__INSTRUCTIONS TO FOLLOW__: Copy out exactly, from the entries that follow, the line holding "Young female student", the line holding "Five family photo", and all lines between them, but no pictures.

__WORKING DATA__:
──────────
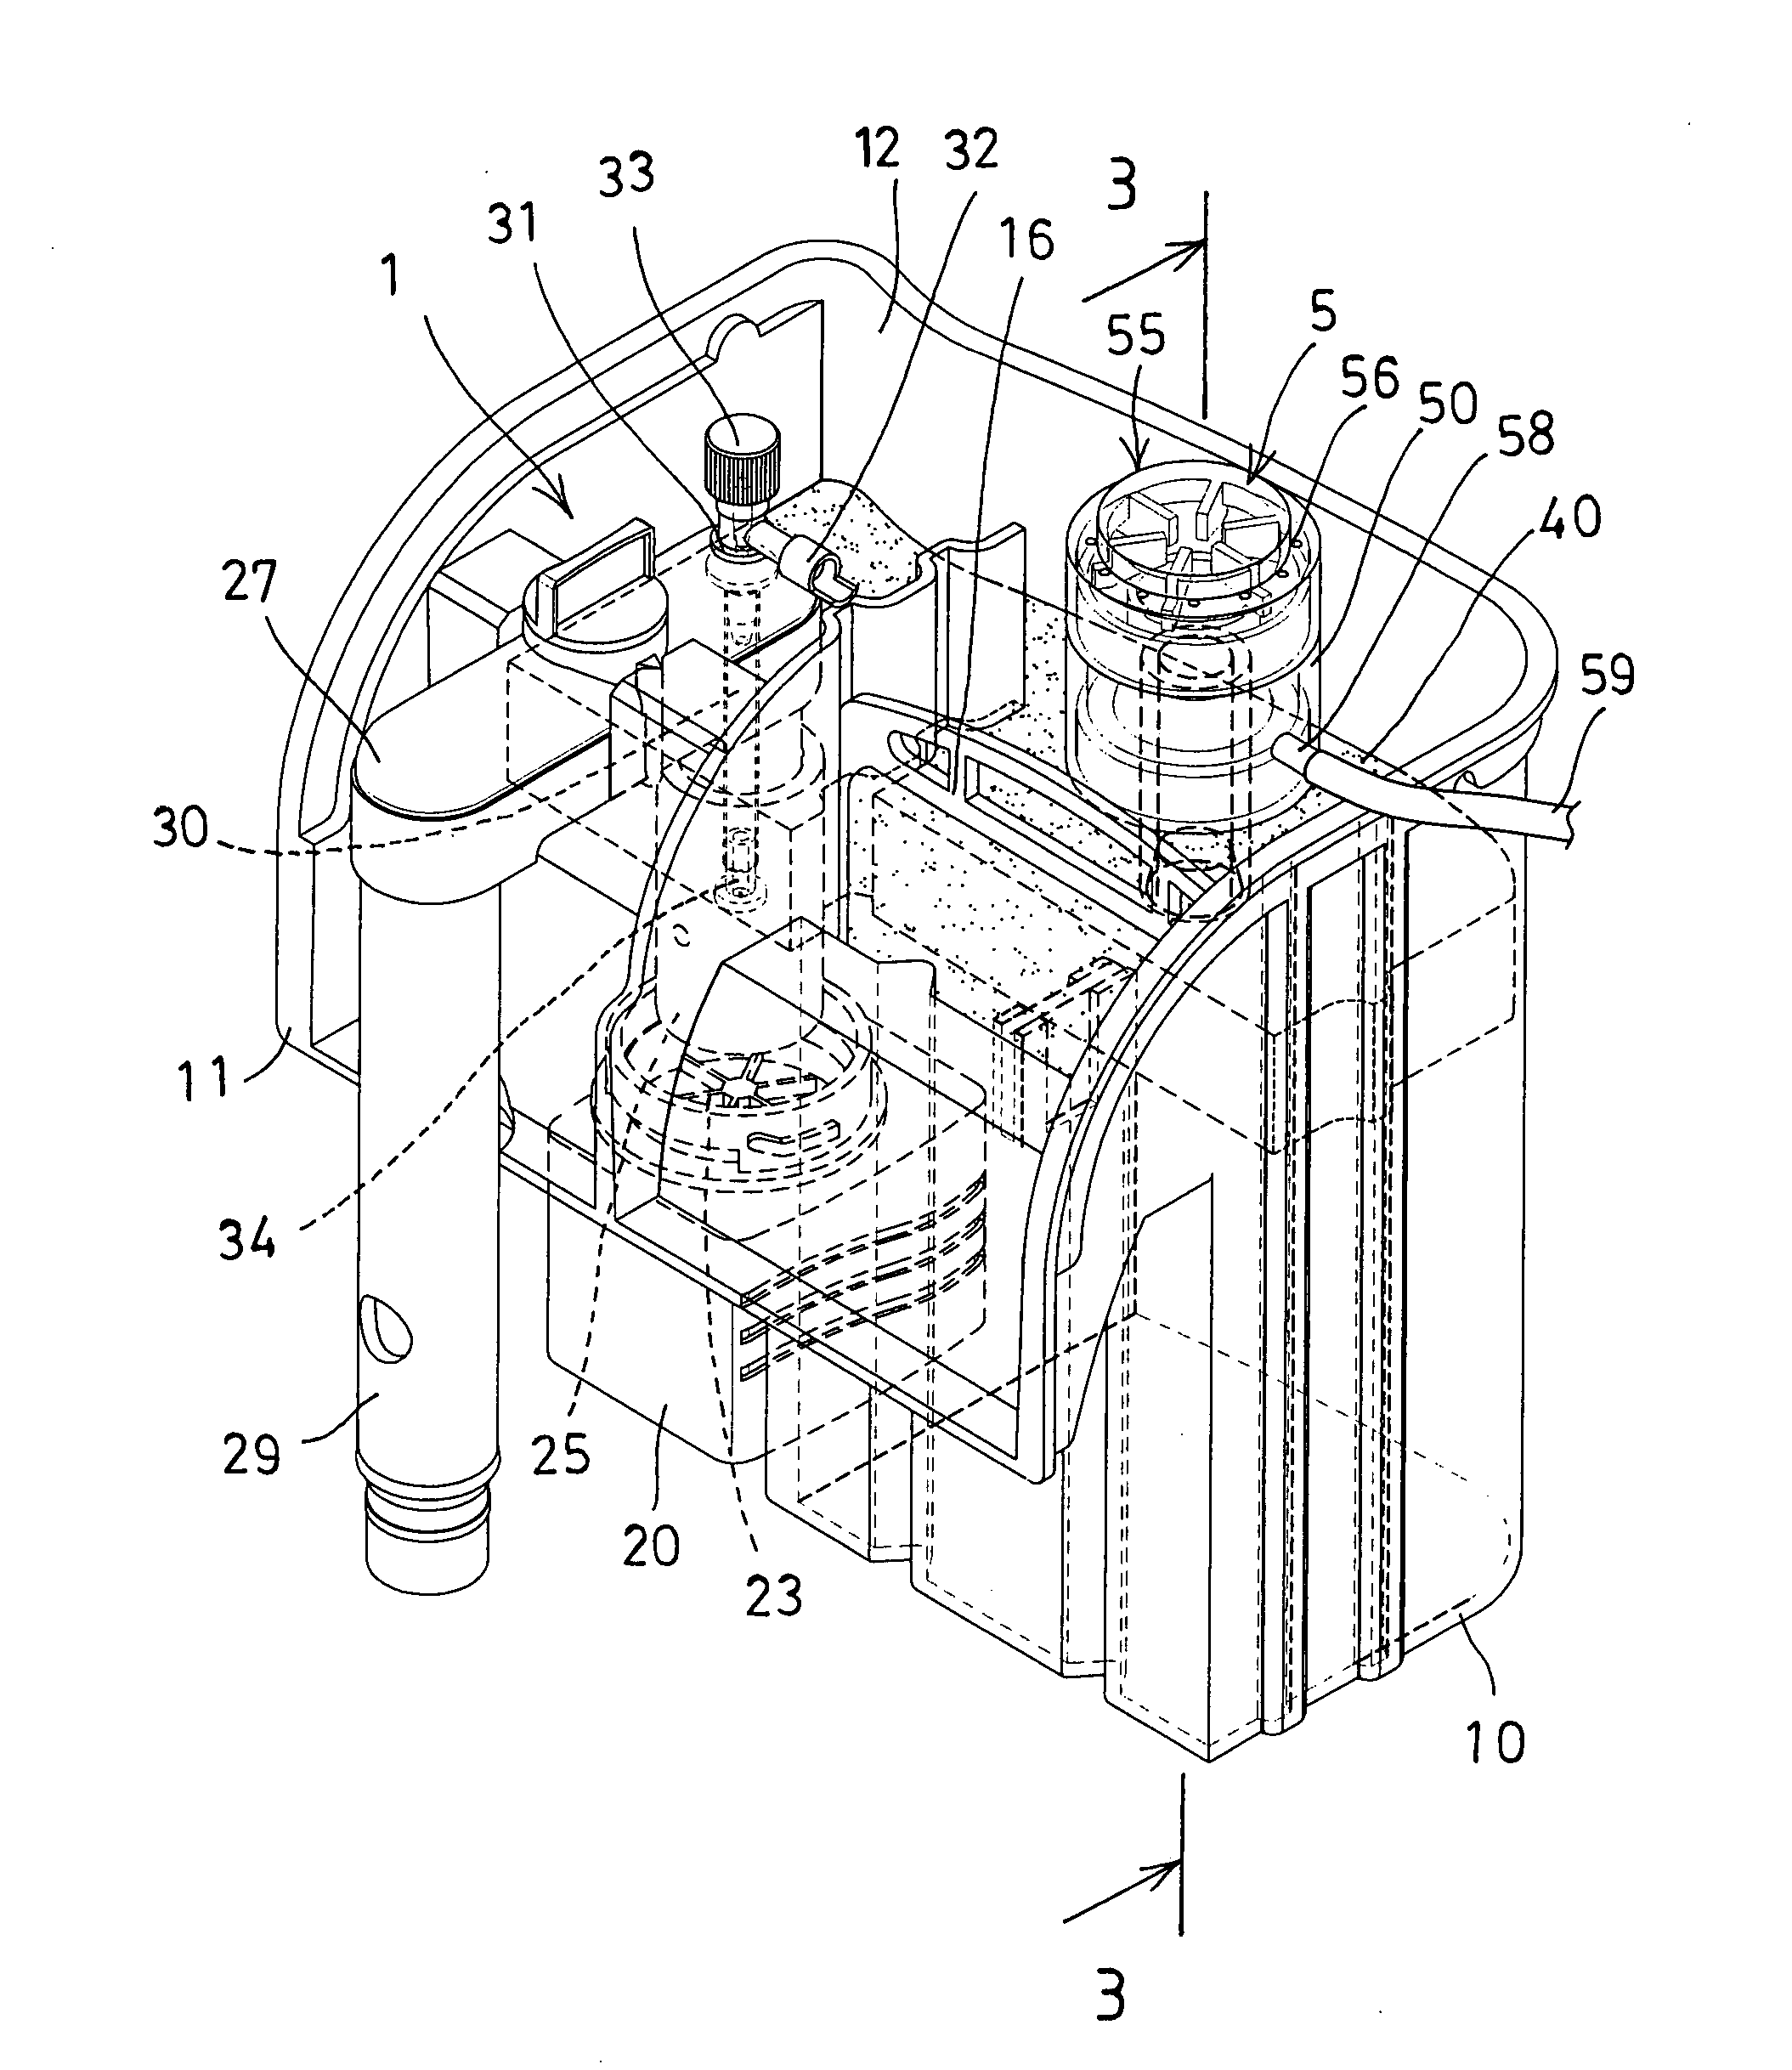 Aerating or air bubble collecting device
──────────
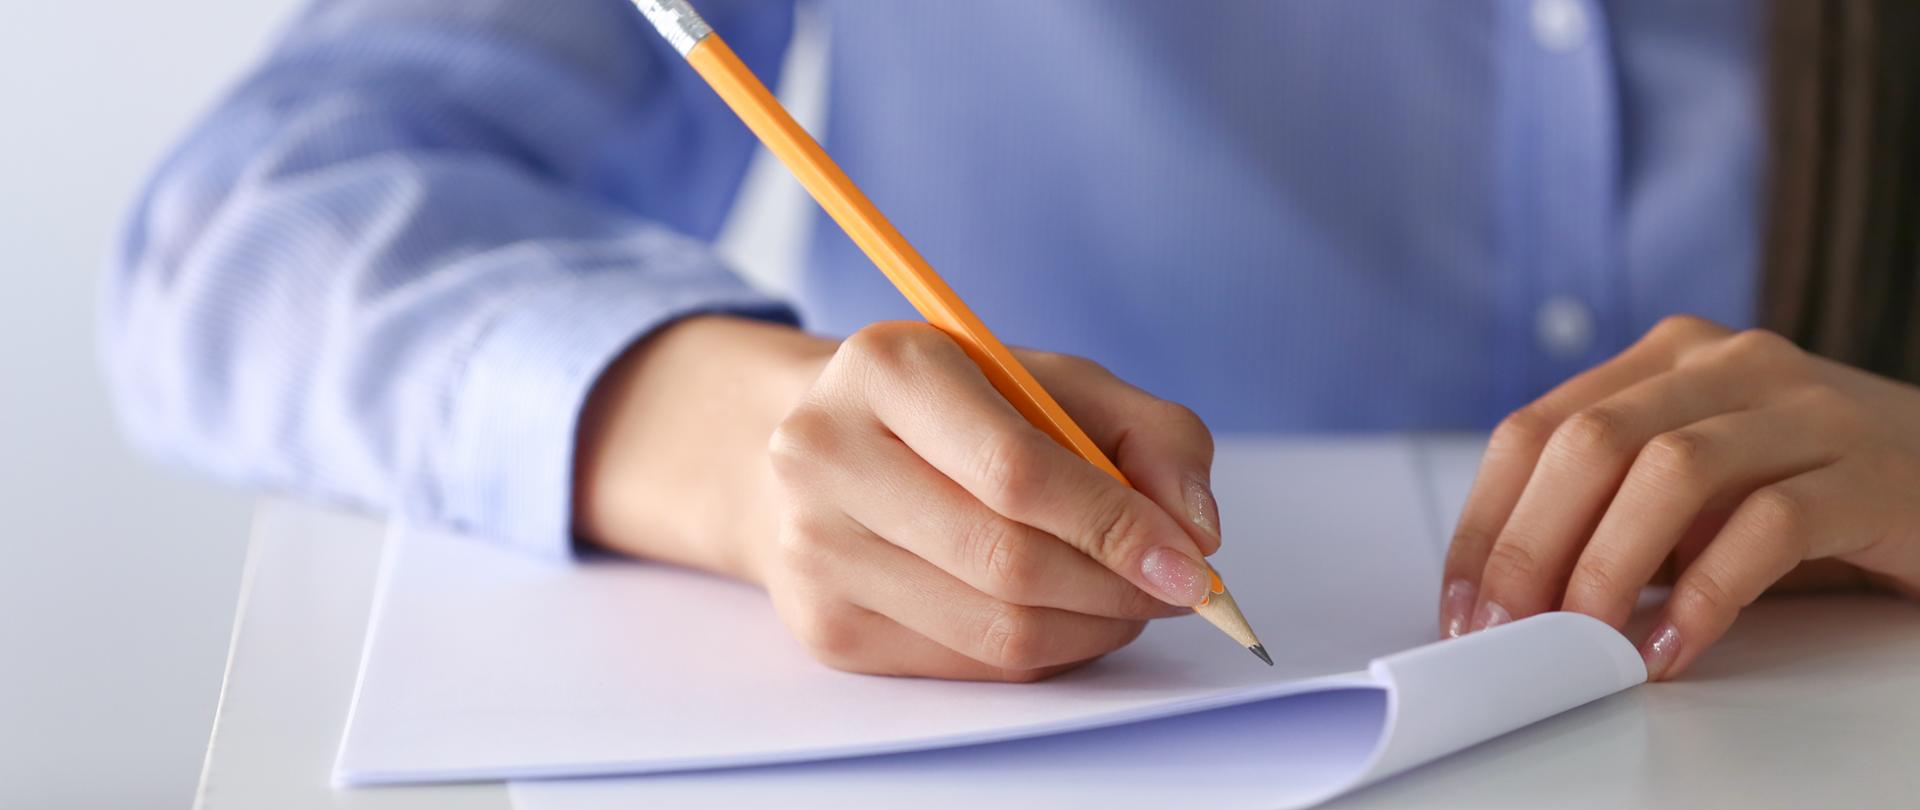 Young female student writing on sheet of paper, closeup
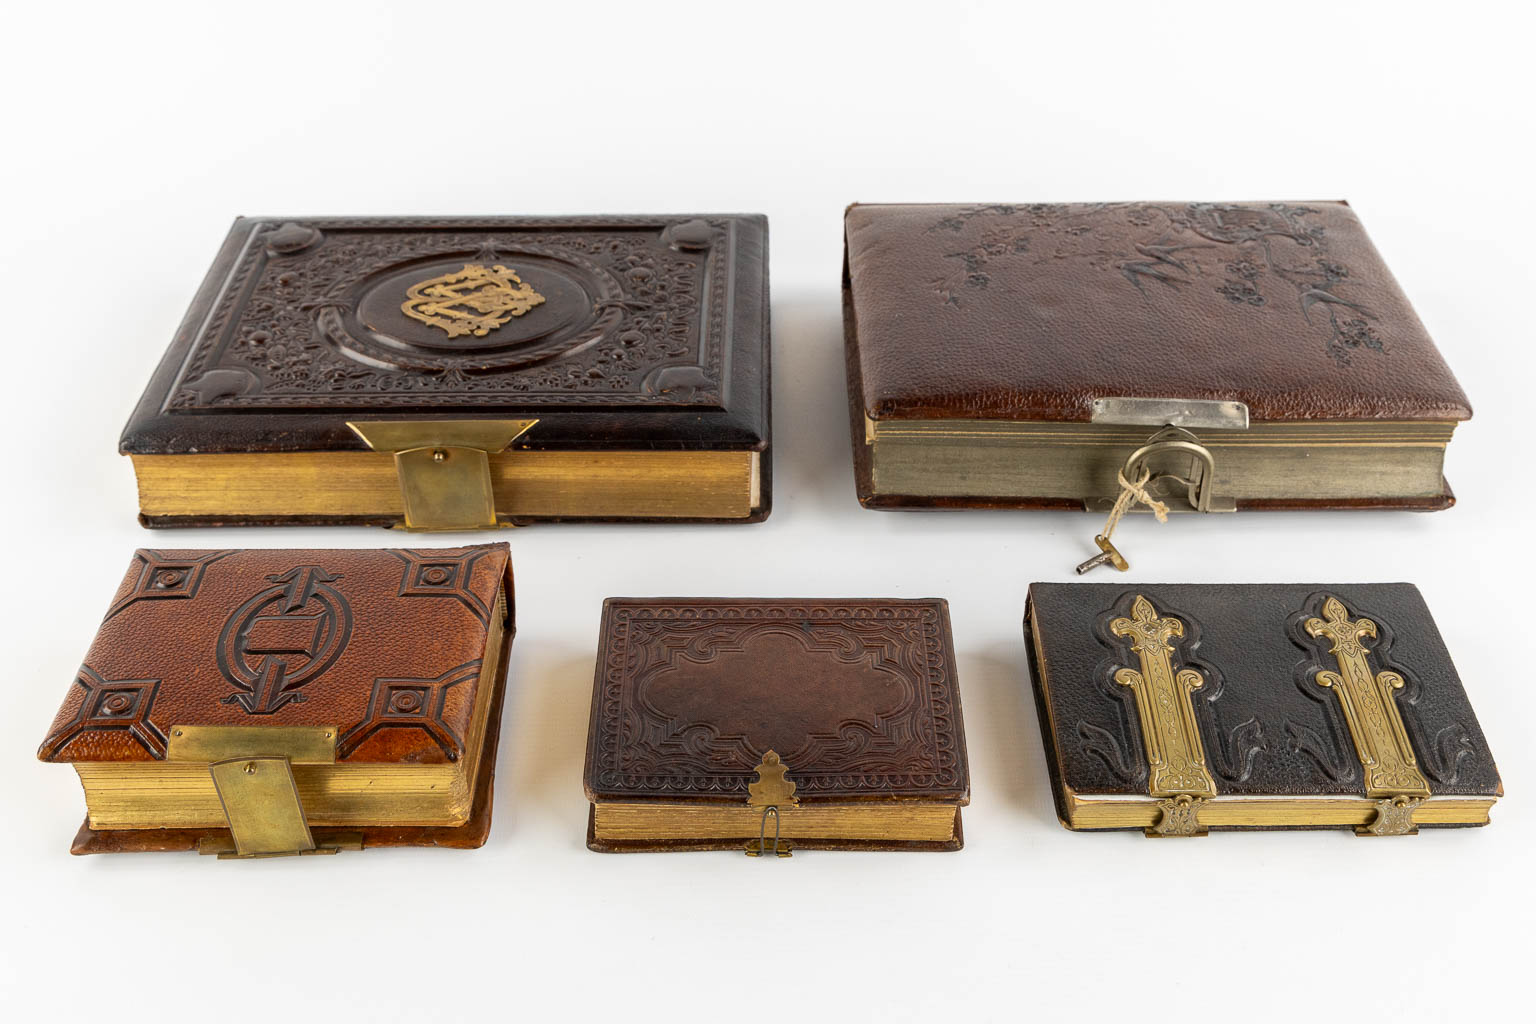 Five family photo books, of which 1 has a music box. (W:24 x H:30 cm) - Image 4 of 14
──────────
__REPLY TO THE EXERCISE__:
 Young female student writing on sheet of paper, closeup
 Five family photo books, of which 1 has a music box. (W:24 x H:30 cm) - Image 4 of 14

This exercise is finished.